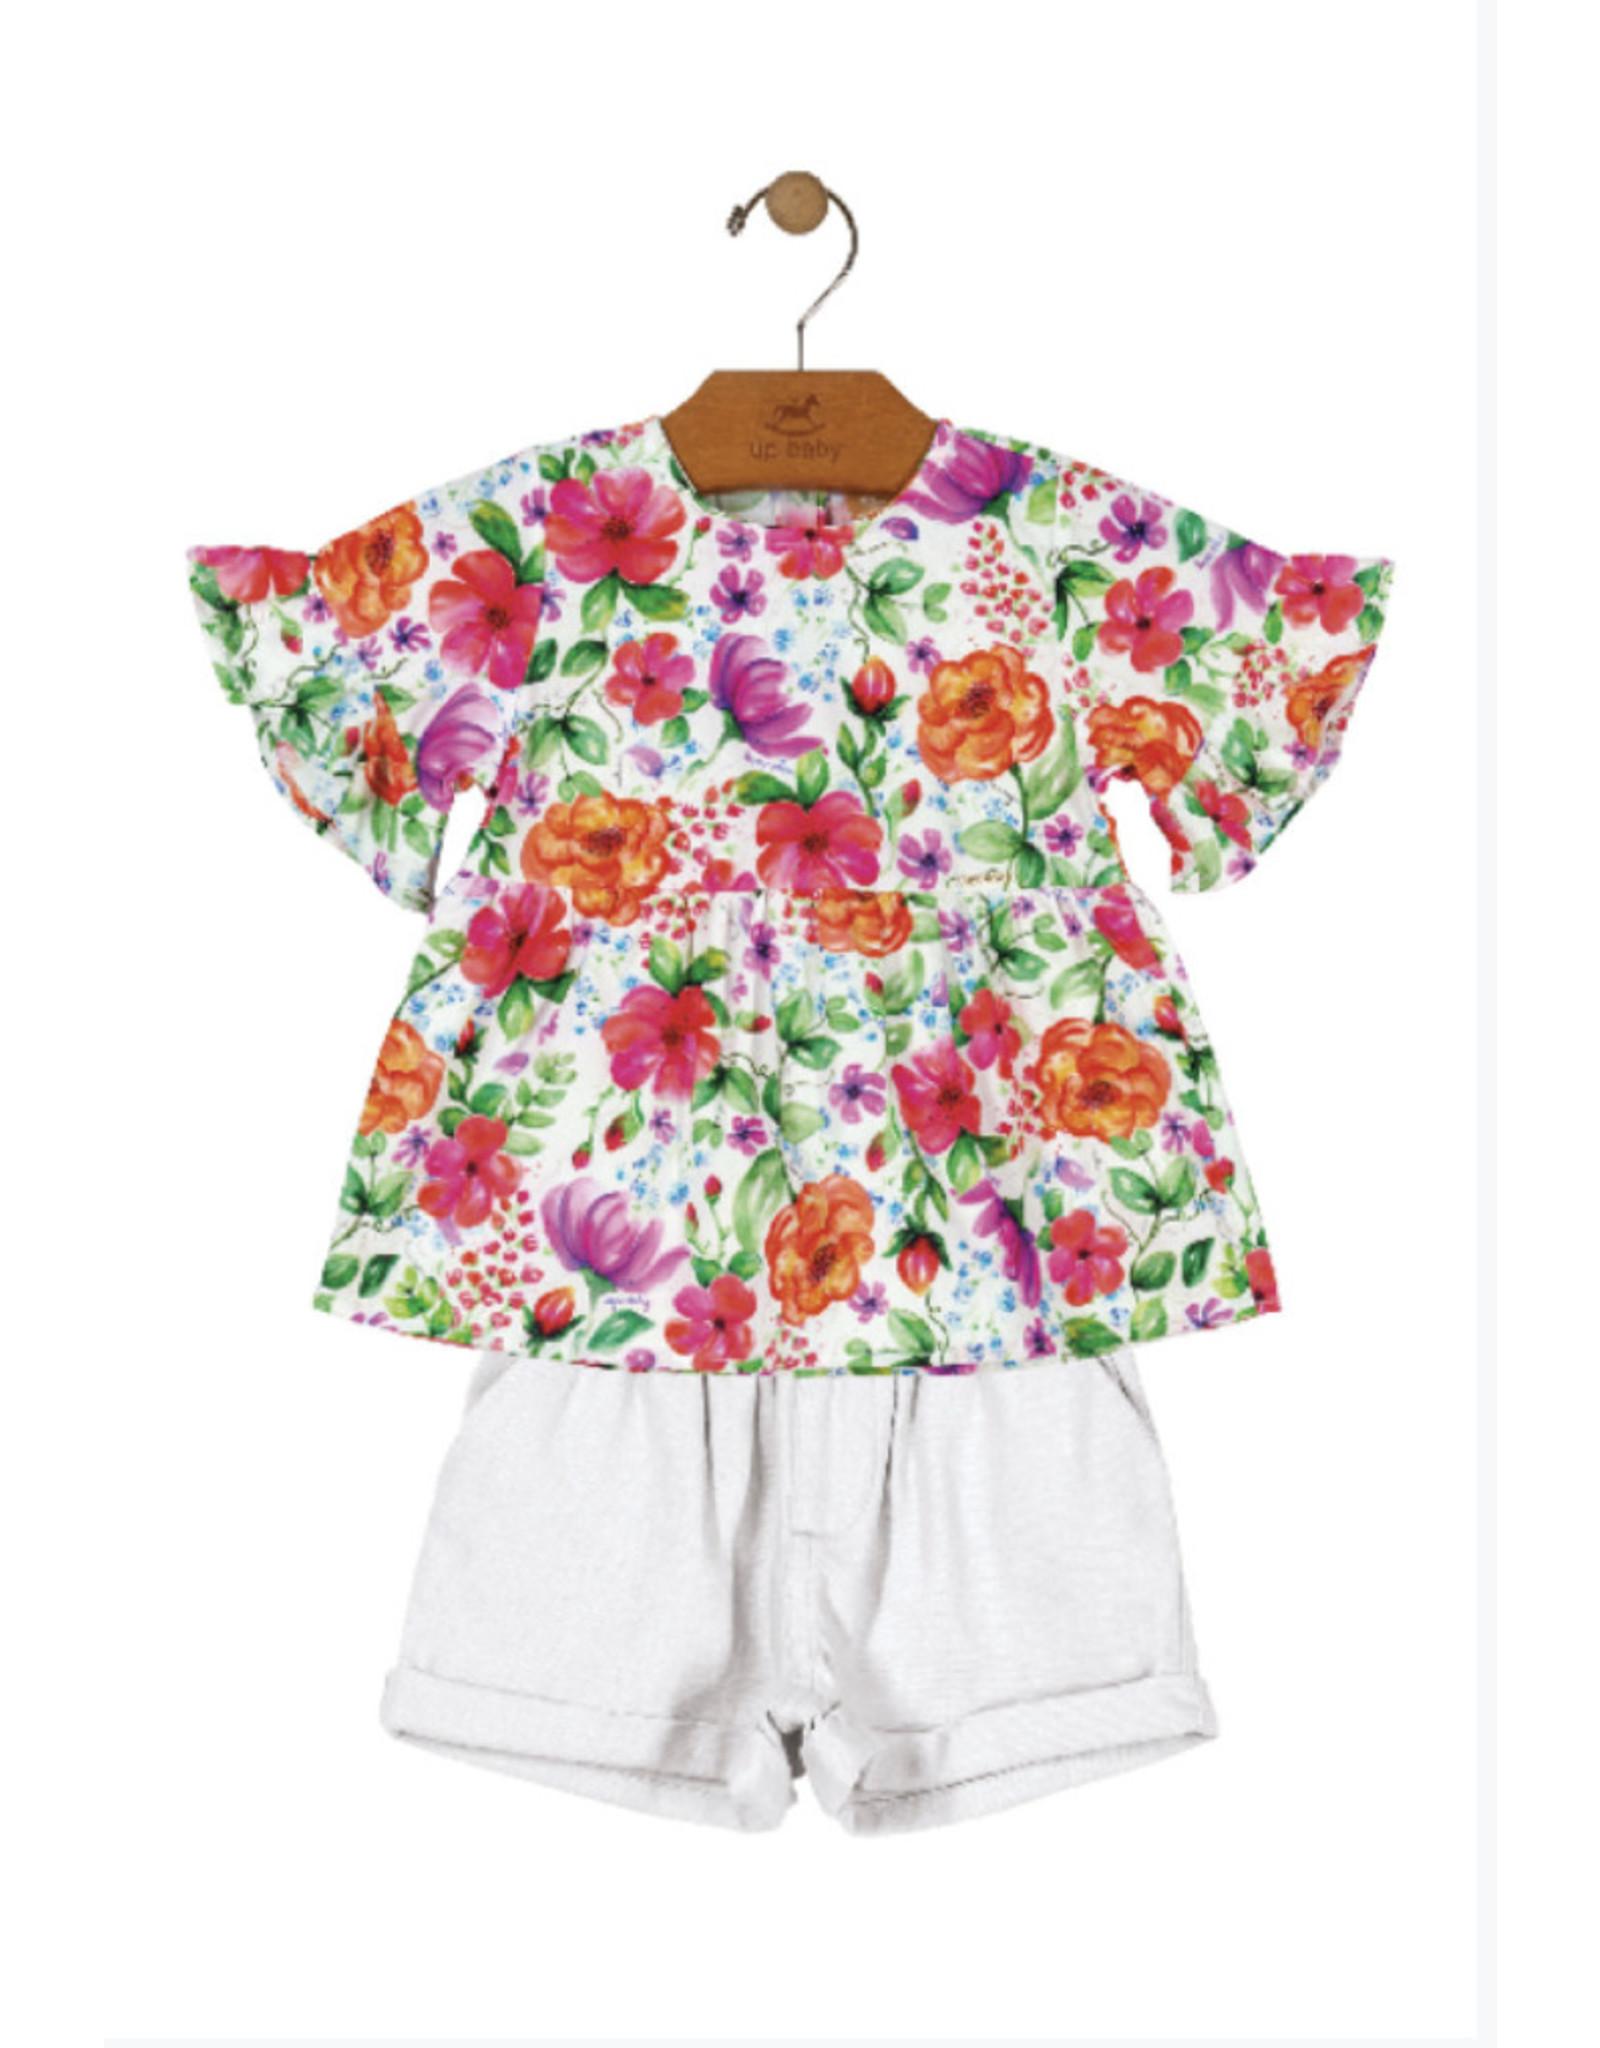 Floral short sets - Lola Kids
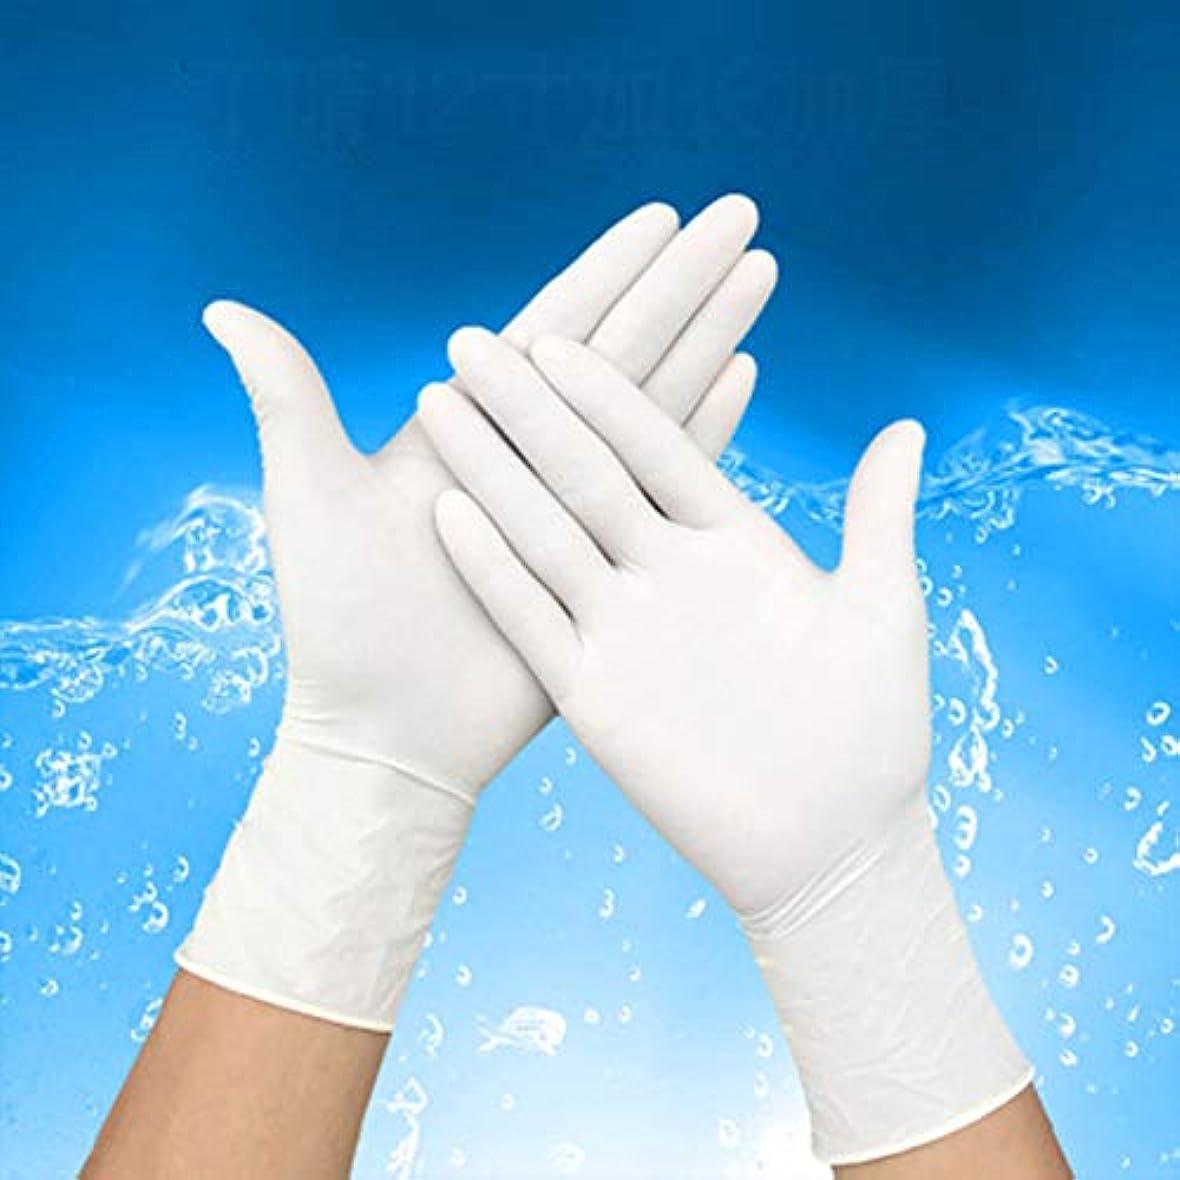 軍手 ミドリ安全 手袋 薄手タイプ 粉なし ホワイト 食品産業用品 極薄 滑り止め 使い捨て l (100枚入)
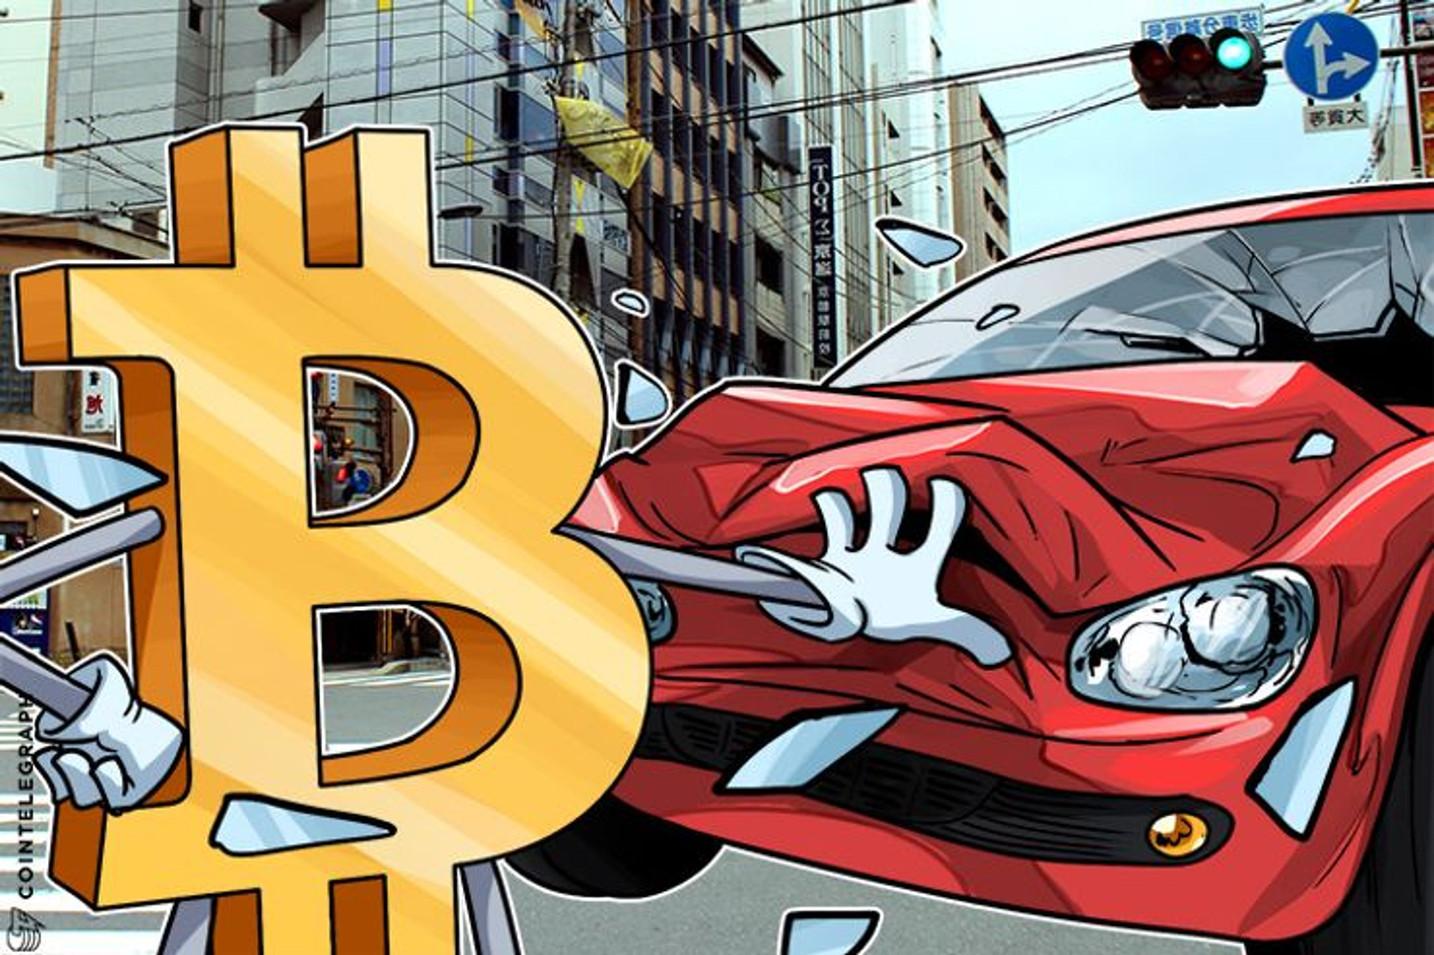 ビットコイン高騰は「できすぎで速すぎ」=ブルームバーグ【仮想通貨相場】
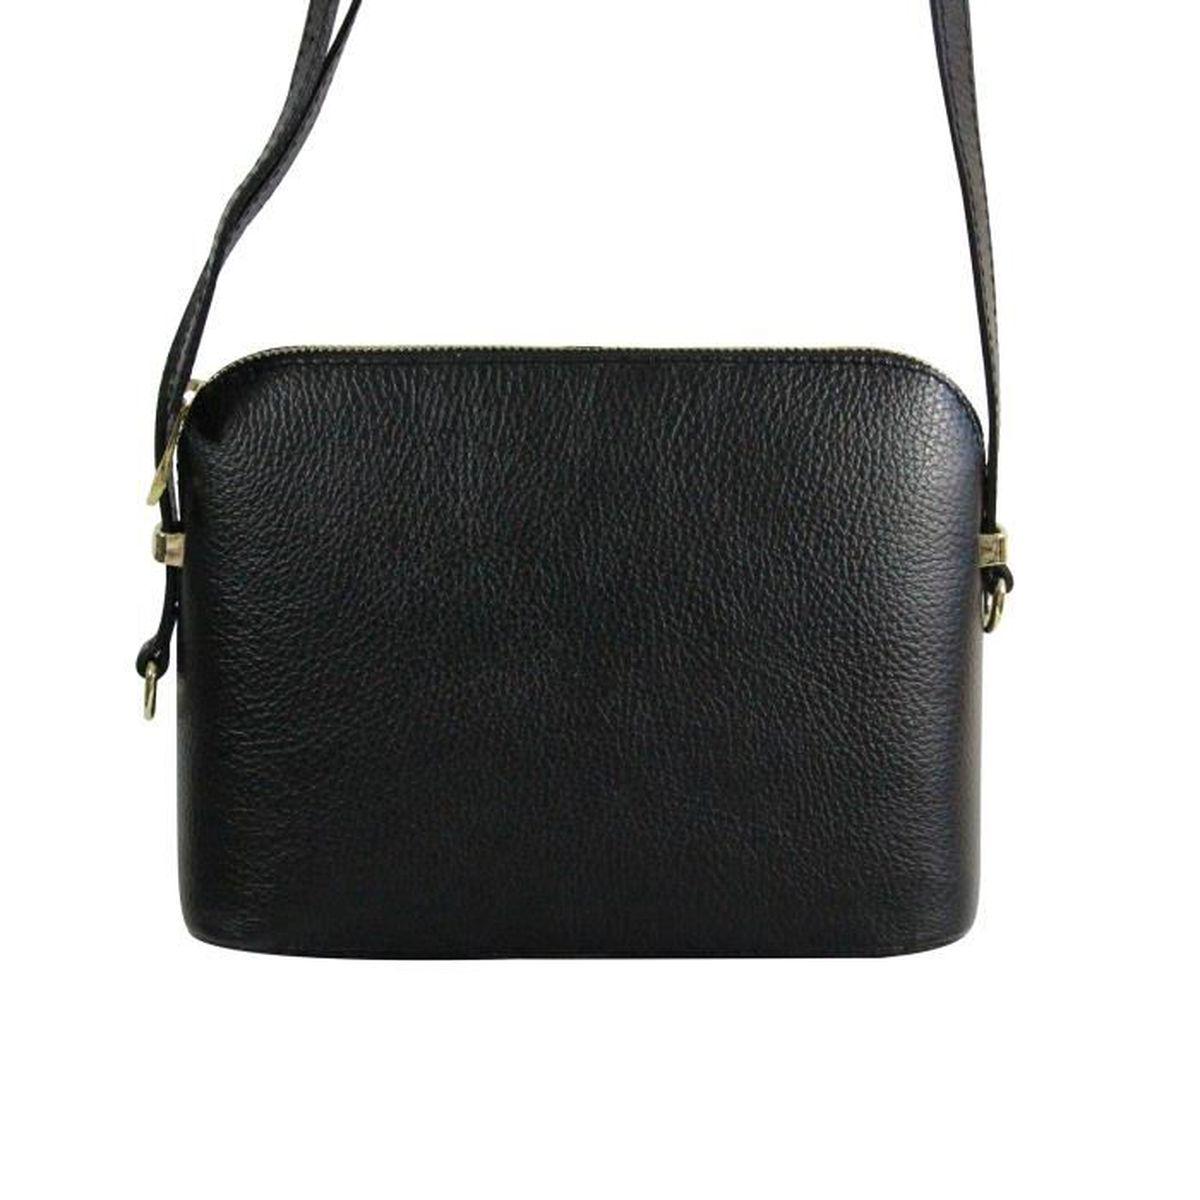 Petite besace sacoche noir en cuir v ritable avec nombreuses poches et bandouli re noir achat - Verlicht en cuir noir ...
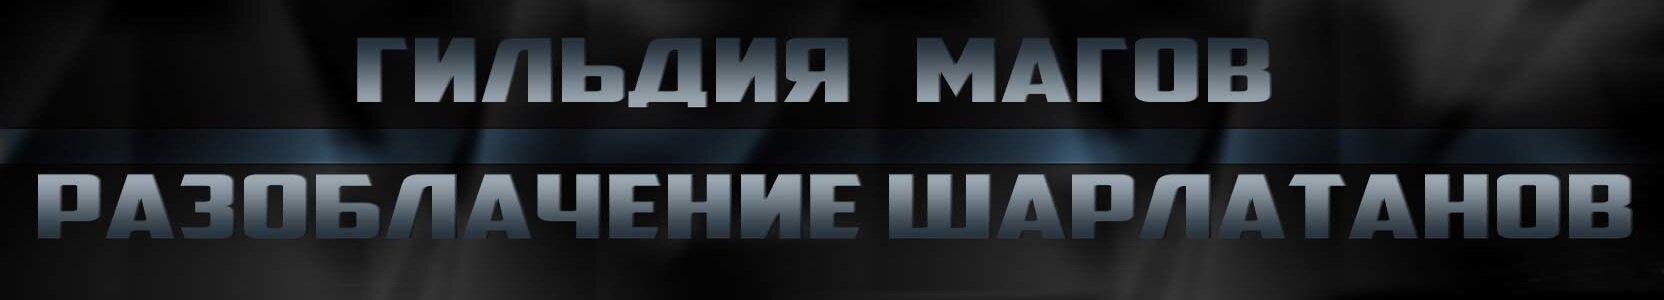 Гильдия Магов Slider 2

#####

#### Exercise goal
Restate the data word for word and exclude every picture.

#### Response to this exercise
 Floral short sets - Lola Kids
 軍手 ミドリ安全 手袋 薄手タイプ 粉なし ホワイト 食品産業用品 極薄 滑り止め 使い捨て l (100枚入)
 ビットコイン高騰は「できすぎで速すぎ」=ブルームバーグ【仮想通貨相場】
 Petite besace sacoche noir en cuir v ritable avec nombreuses poches et bandouli re noir achat - Verlicht en cuir noir ...
 Гильдия Магов Slider 2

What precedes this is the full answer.